## Goal of the exercise
Copy out the listing in full, exactly as written, but not its pictures.

## Available data
== Segment start ==

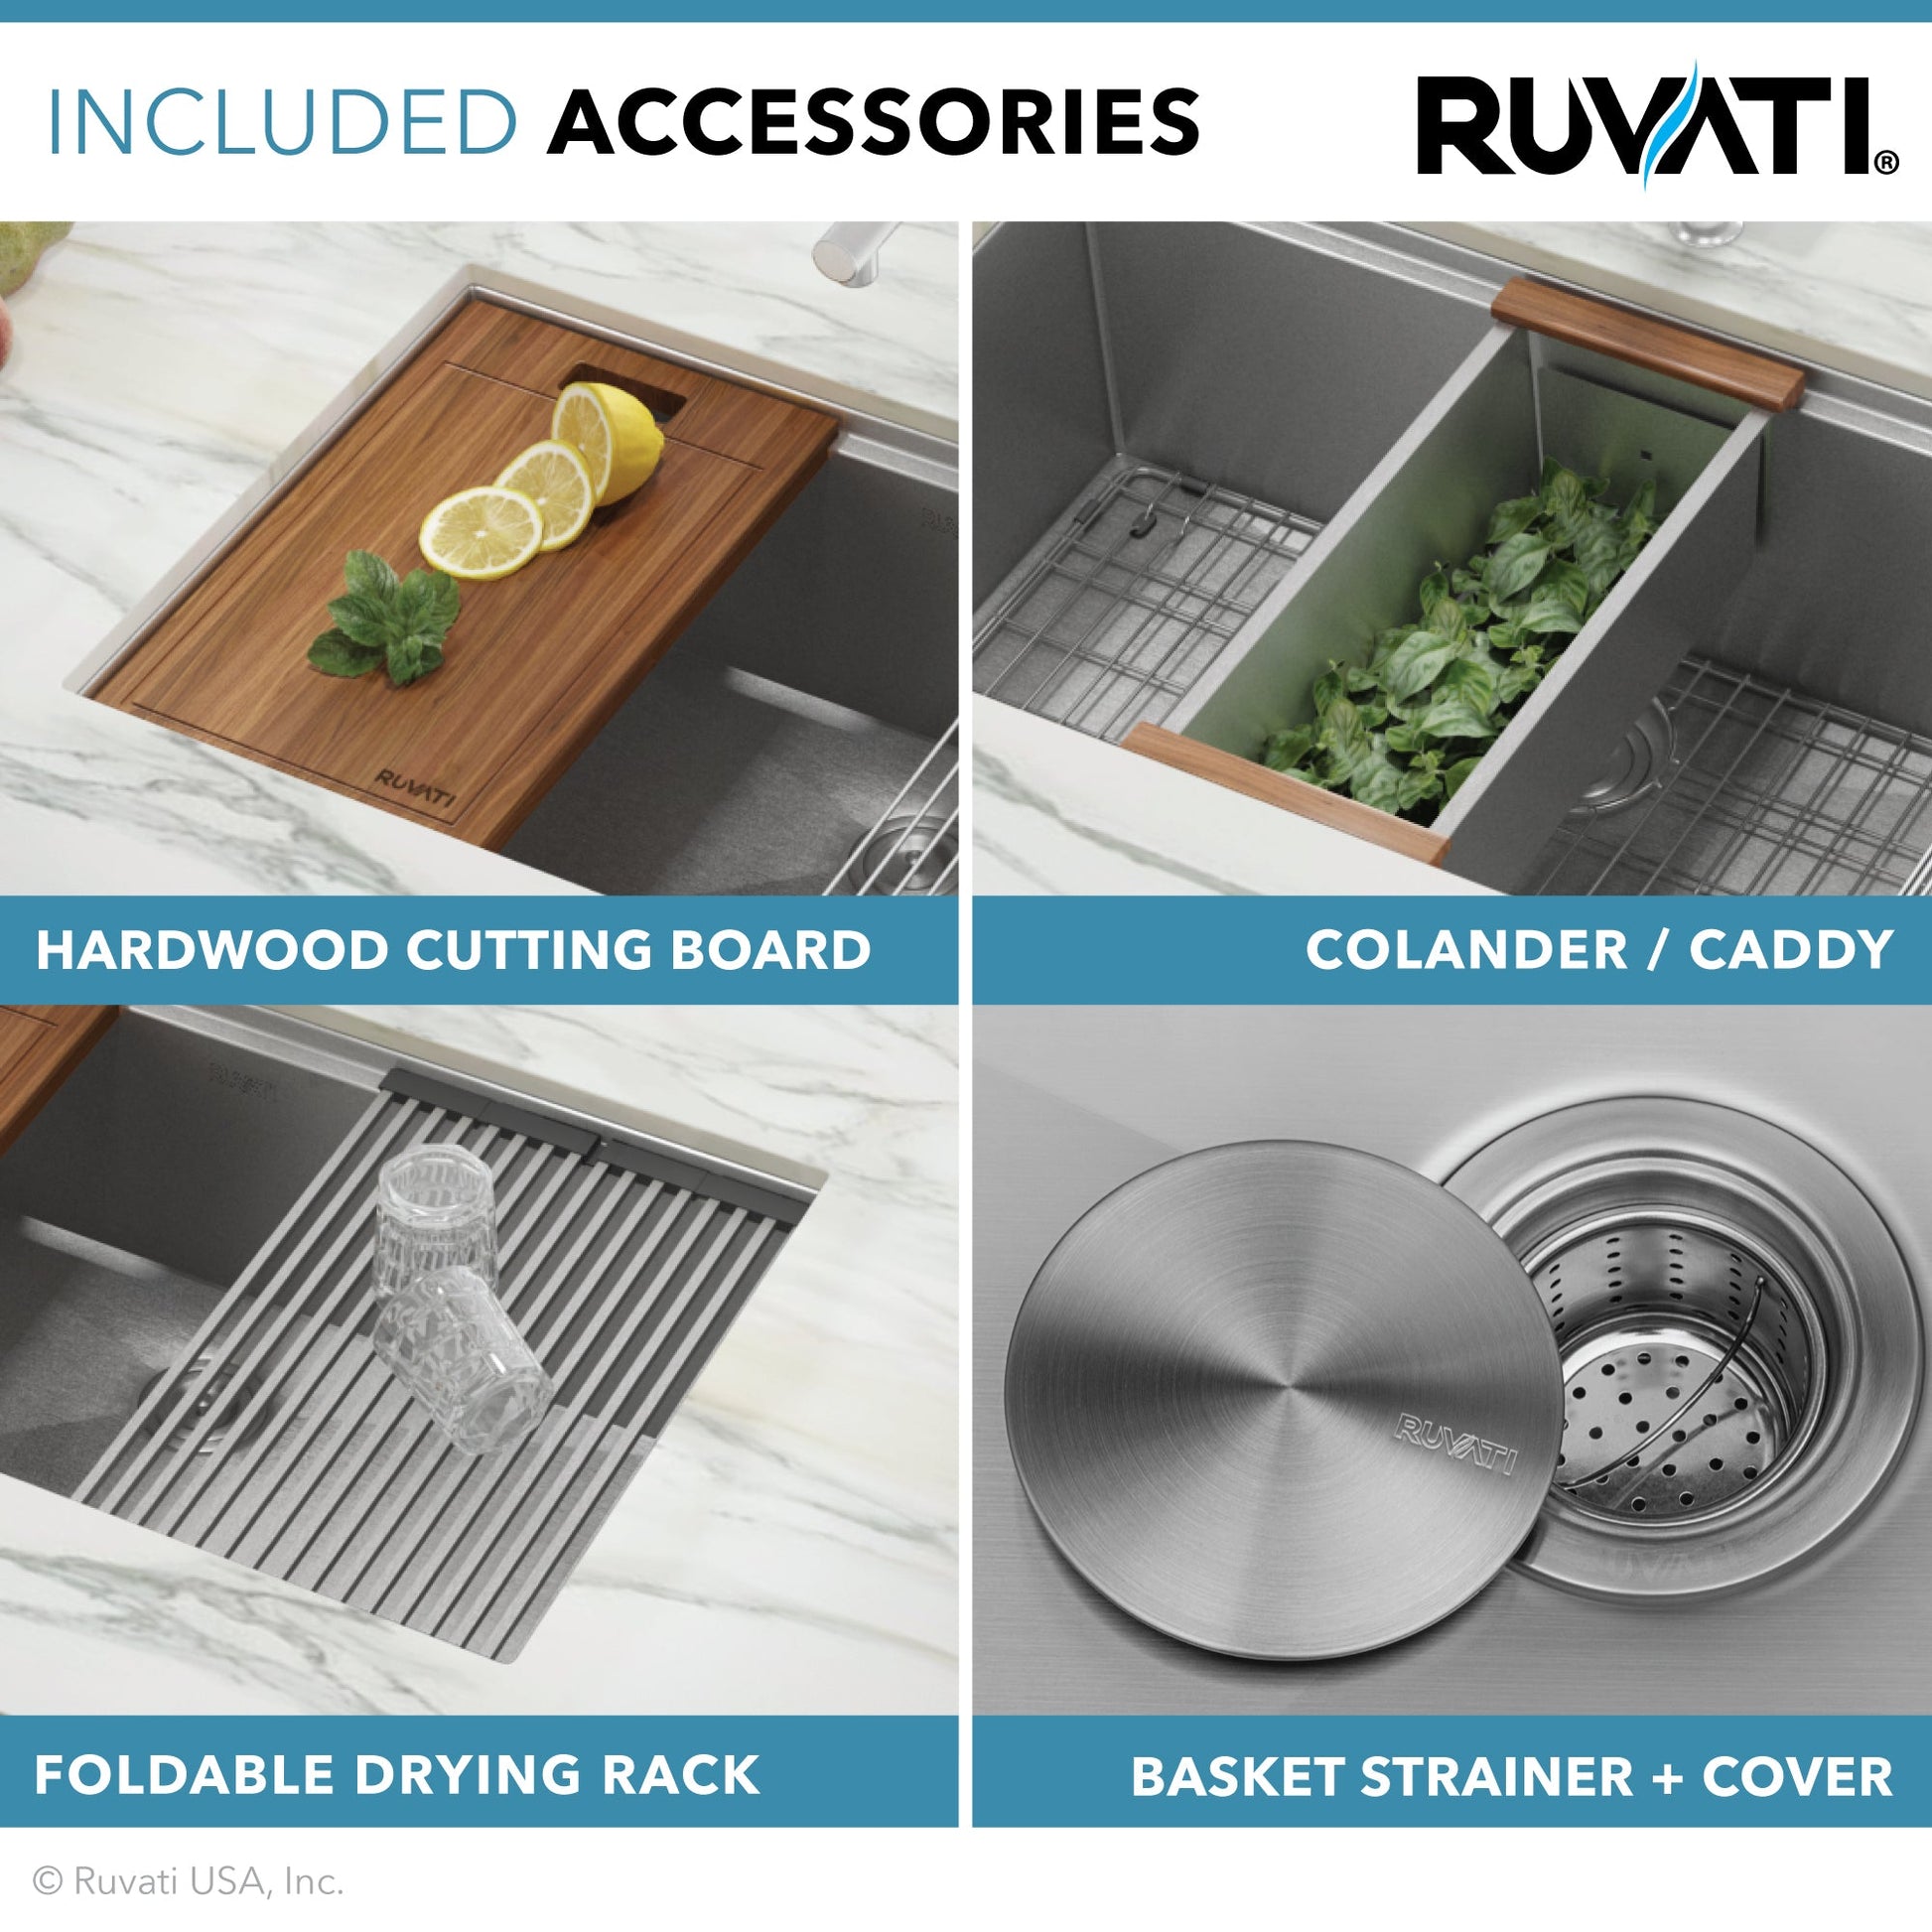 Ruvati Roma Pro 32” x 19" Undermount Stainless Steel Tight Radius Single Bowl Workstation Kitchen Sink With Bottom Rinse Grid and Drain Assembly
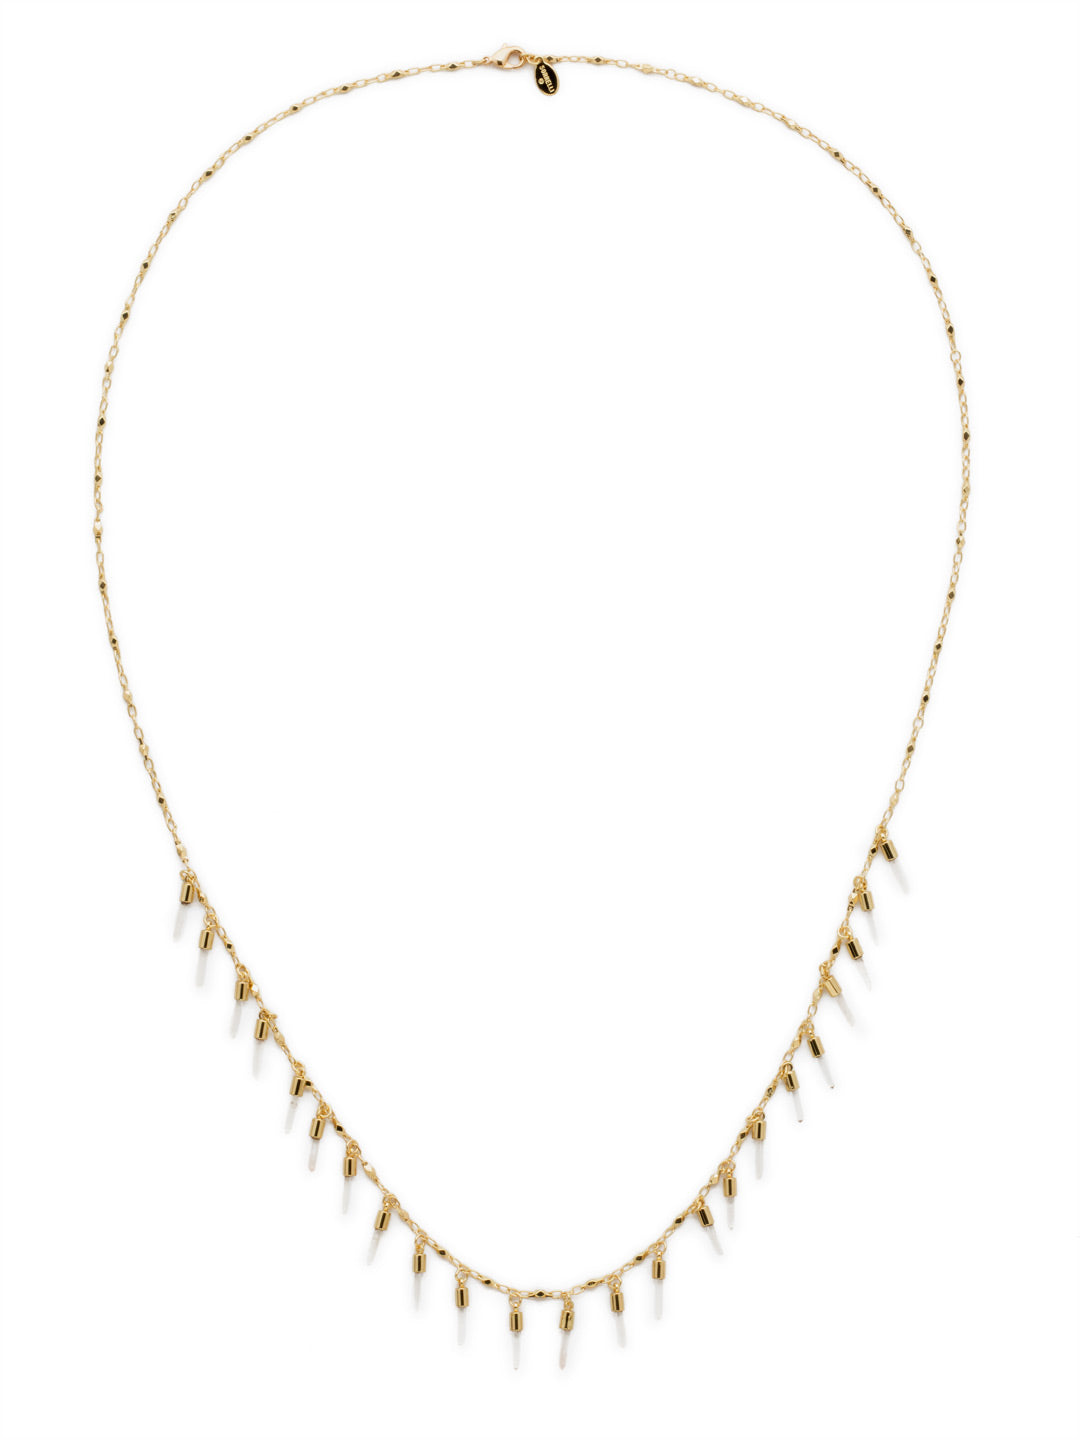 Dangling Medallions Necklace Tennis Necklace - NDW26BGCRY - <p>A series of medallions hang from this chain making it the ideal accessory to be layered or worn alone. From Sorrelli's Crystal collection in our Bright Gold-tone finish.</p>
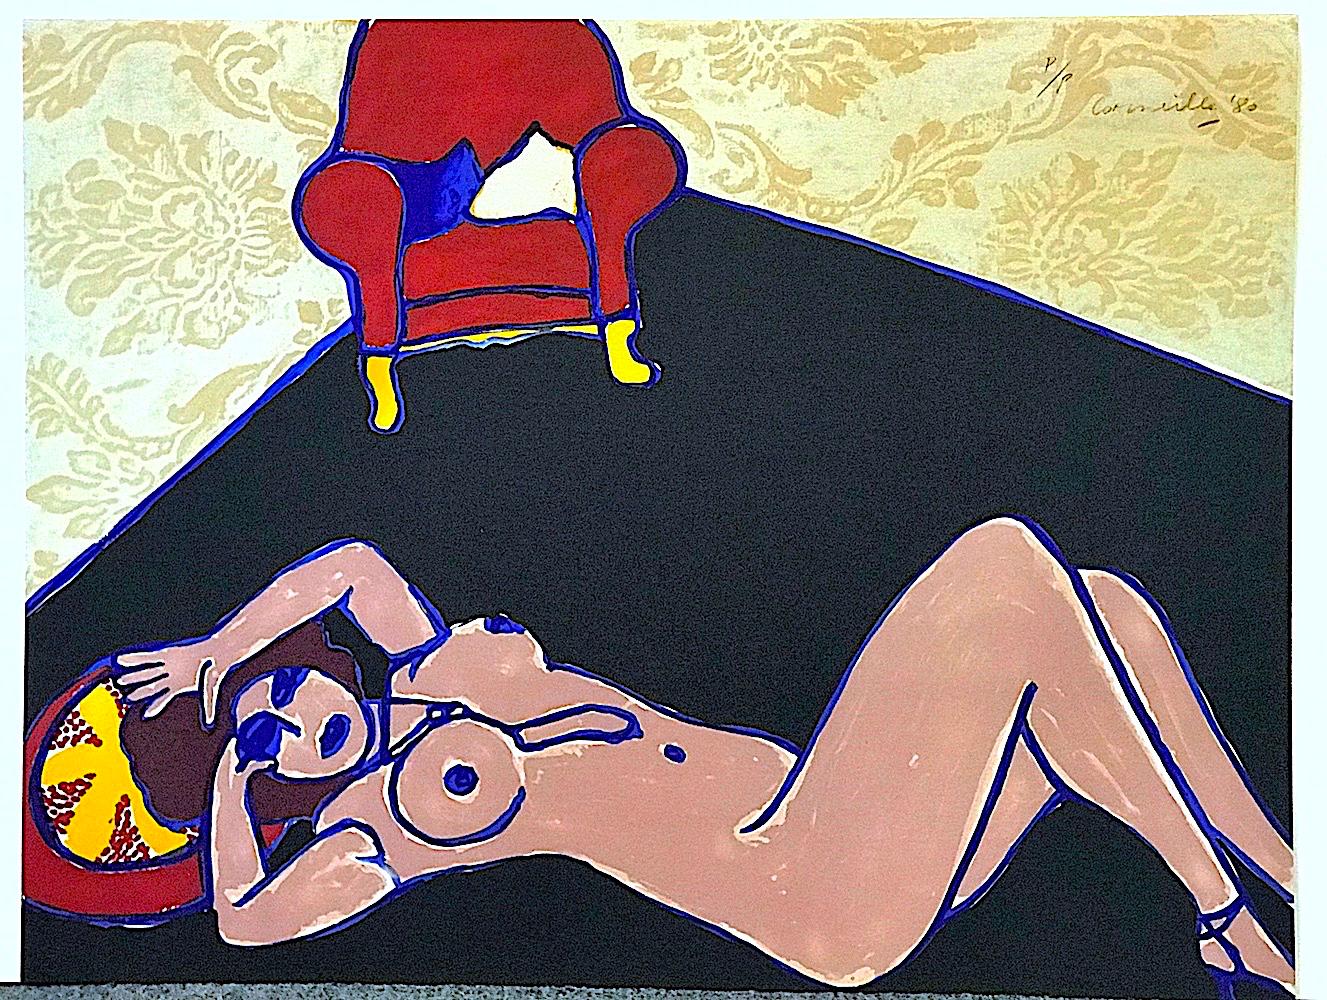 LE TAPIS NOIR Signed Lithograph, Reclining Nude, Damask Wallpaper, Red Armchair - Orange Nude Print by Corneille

== Segment end ==

## Task answer
 Ruvati Roma Pro 32” x 19" Undermount Stainless Steel Tight Radius Single Bowl Workstation Kitchen Sink With Bottom Rinse Grid and Drain Assembly
 Dangling Medallions Necklace Tennis Necklace - NDW26BGCRY - <p>A series of medallions hang from this chain making it the ideal accessory to be layered or worn alone. From Sorrelli's Crystal collection in our Bright Gold-tone finish.</p>
 LE TAPIS NOIR Signed Lithograph, Reclining Nude, Damask Wallpaper, Red Armchair - Orange Nude Print by Corneille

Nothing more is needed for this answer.